(AIM OF THE EXERCISE): All of the listing should be returned as written, apart from any picture in it.

(DATA SECTION):
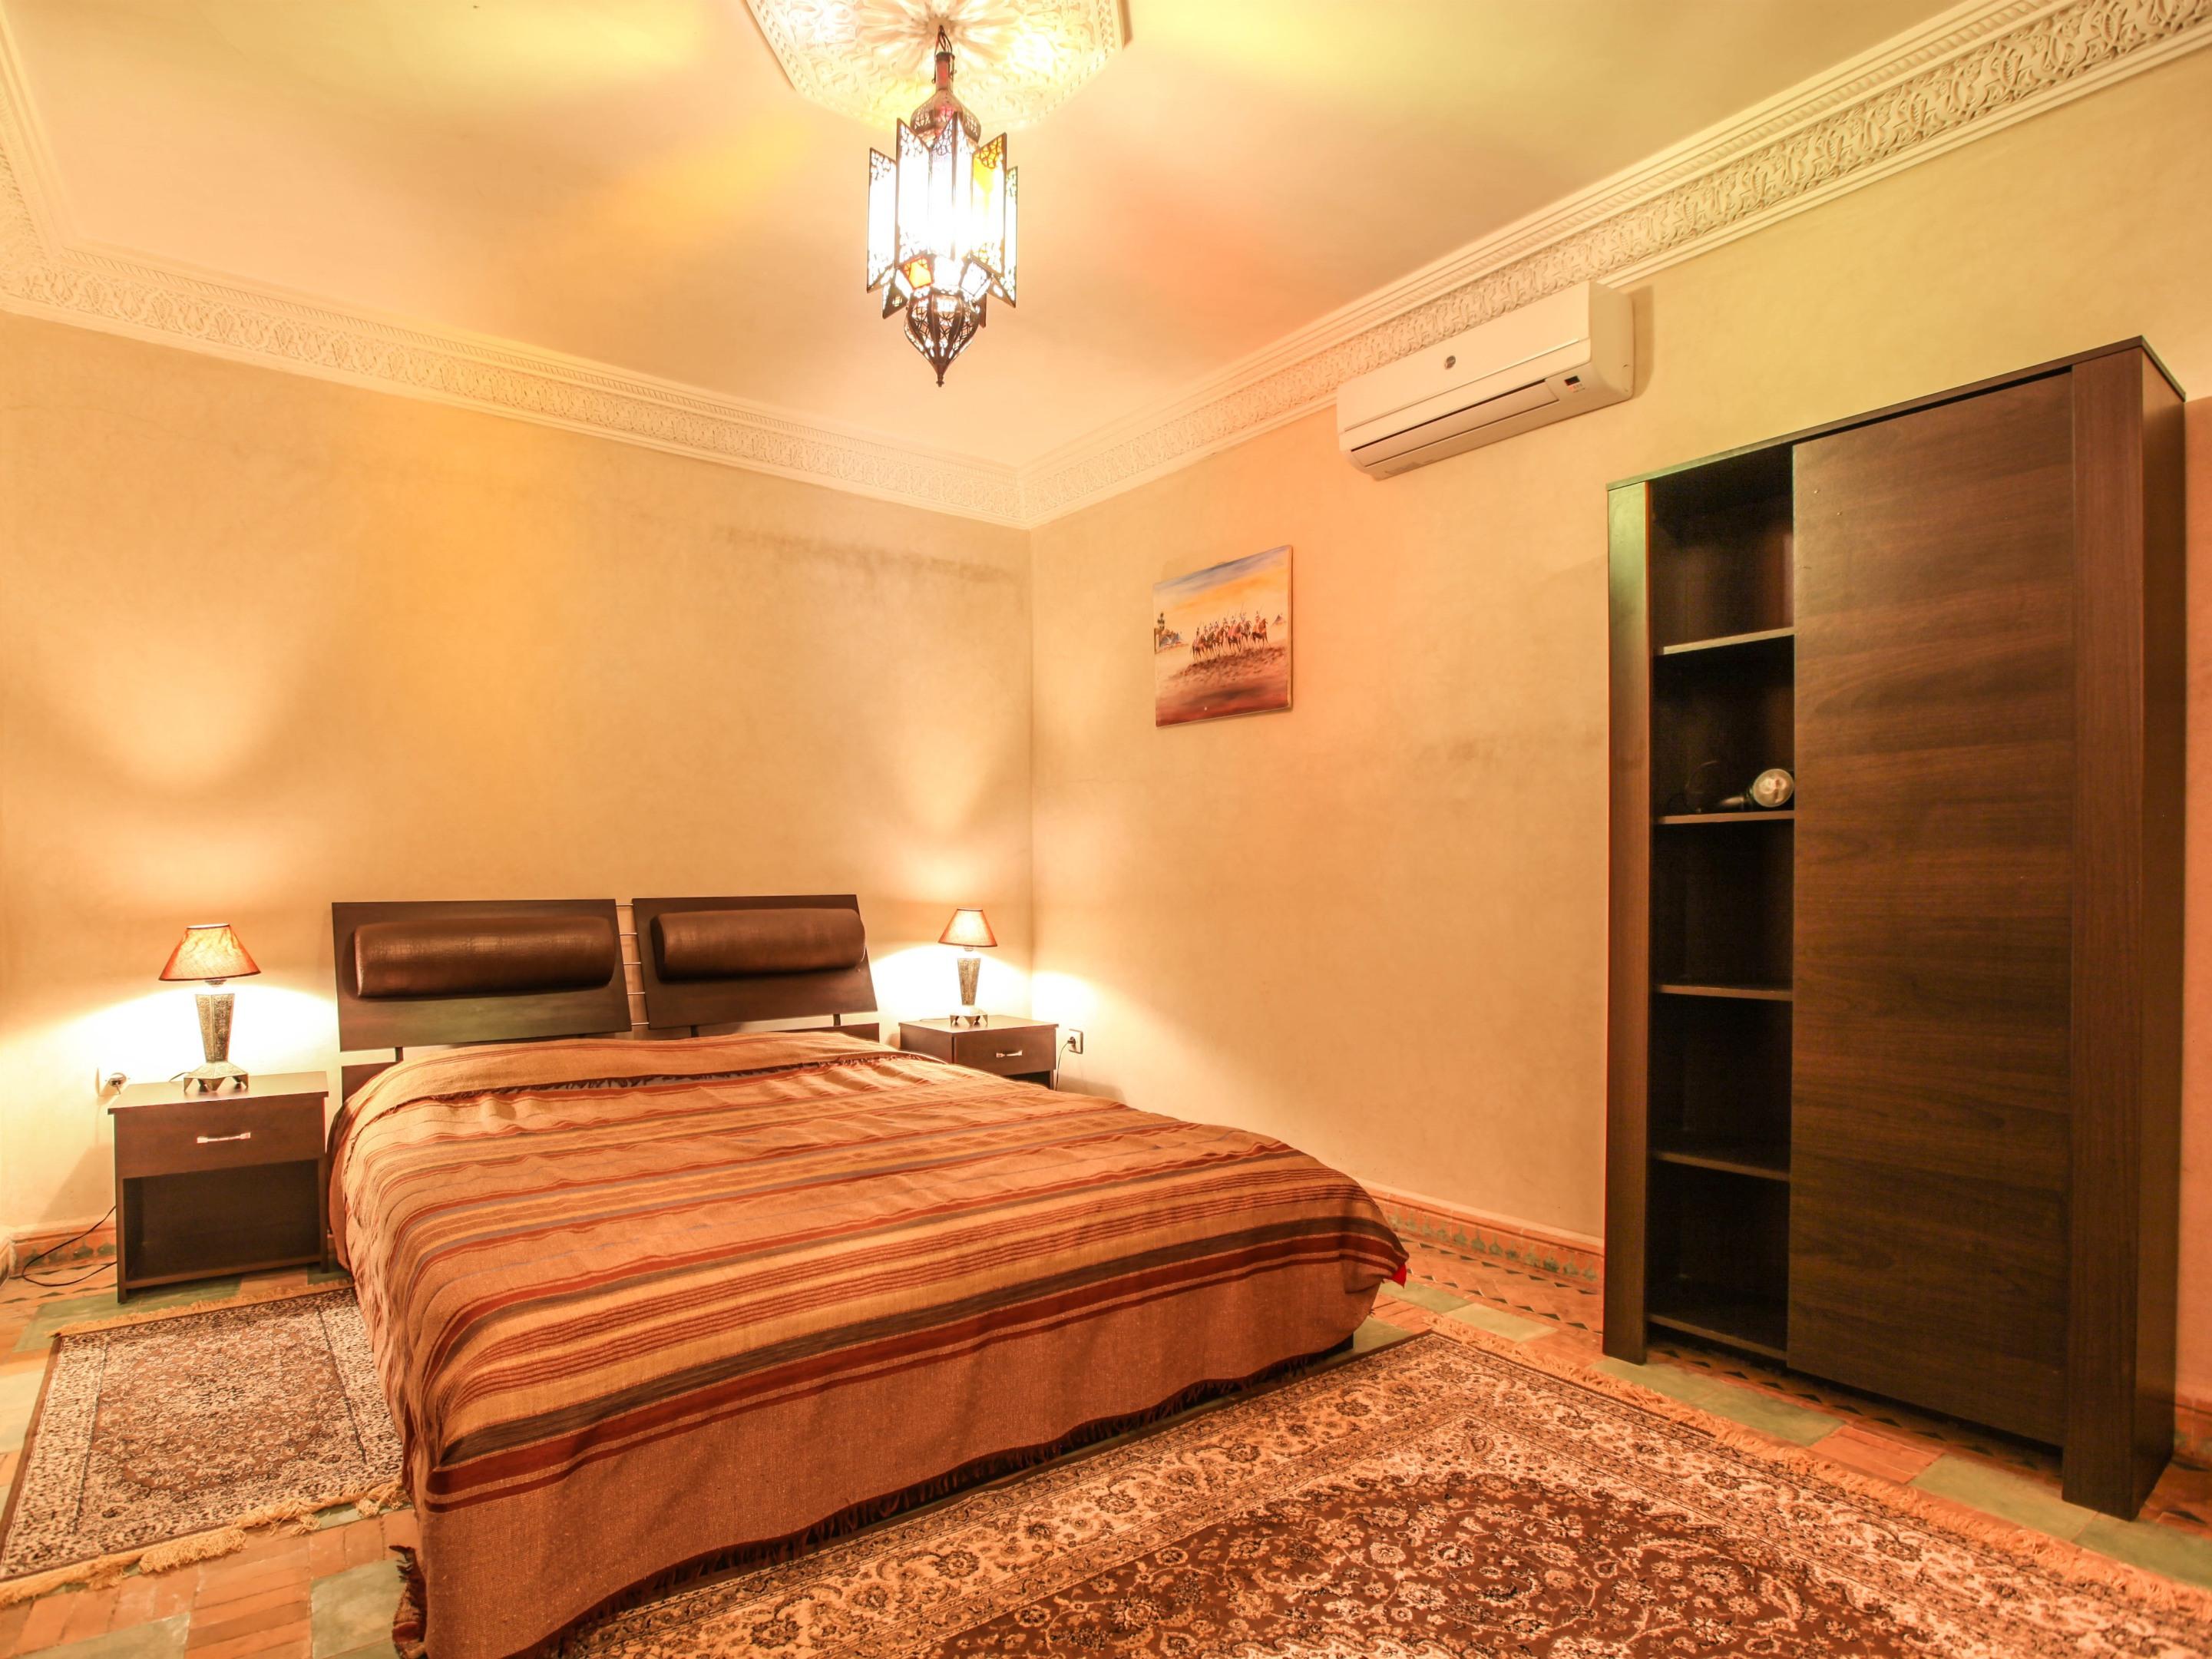 Chambre terrasse 1-Double-Classique-Salle de bain-Vue sur la piste - Tarif de base
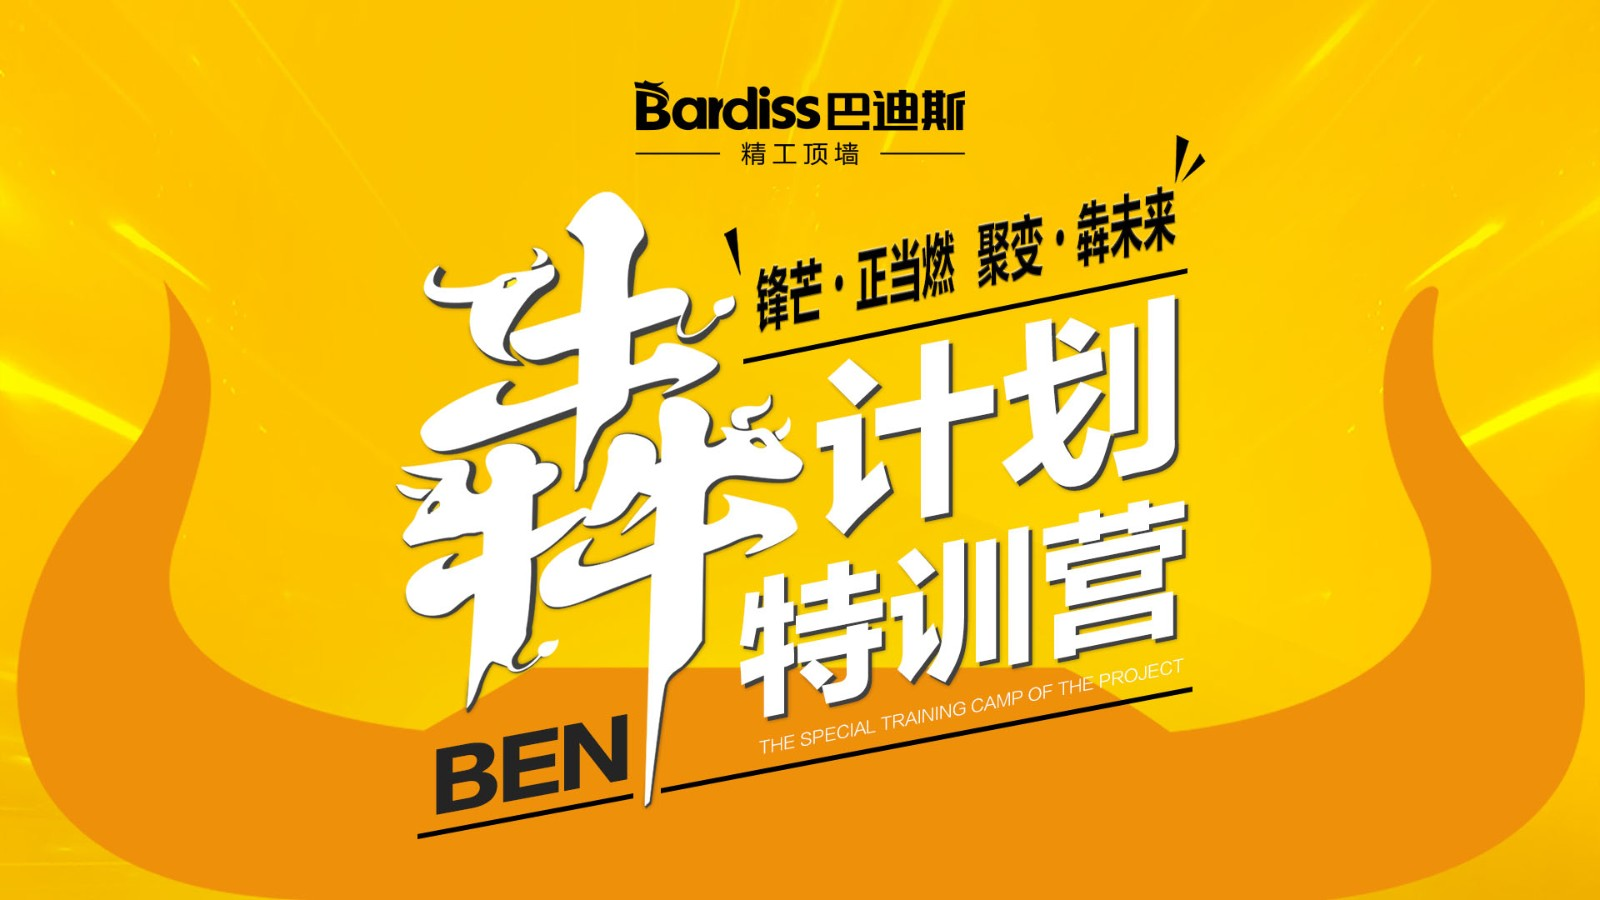 """阳春三月,与巴迪斯共成长!巴迪斯特训营""""犇计划""""圆满收官!"""
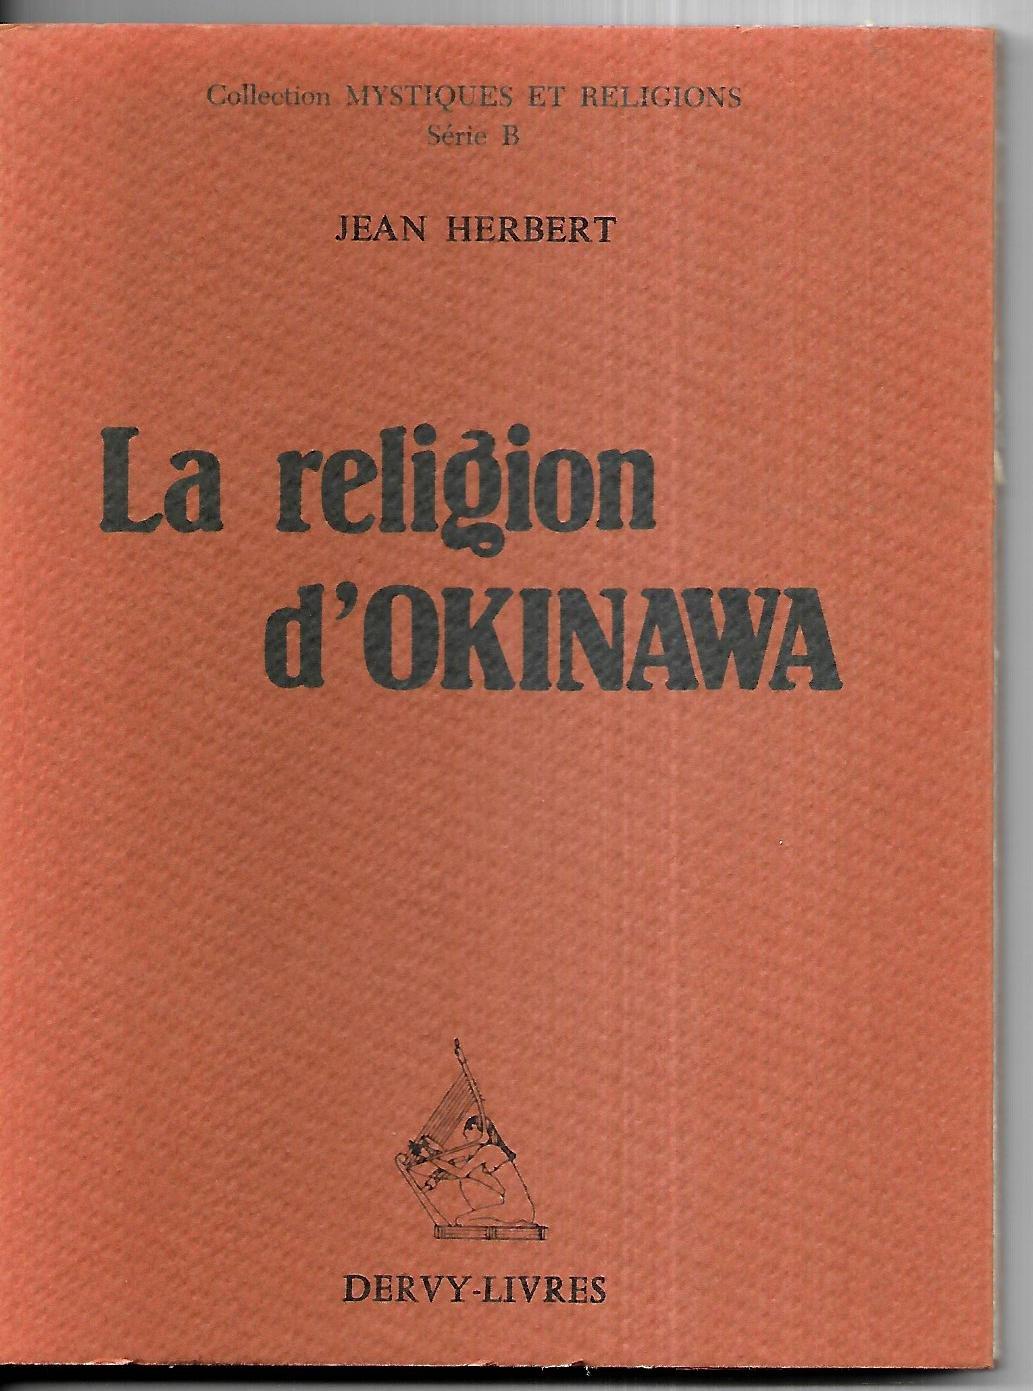 La religion d'Okinawa

(EXERCISE RESULT):
 Chambre terrasse 1-Double-Classique-Salle de bain-Vue sur la piste - Tarif de base
 """阳春三月,与巴迪斯共成长!巴迪斯特训营""""犇计划""""圆满收官!"""
 La religion d'Okinawa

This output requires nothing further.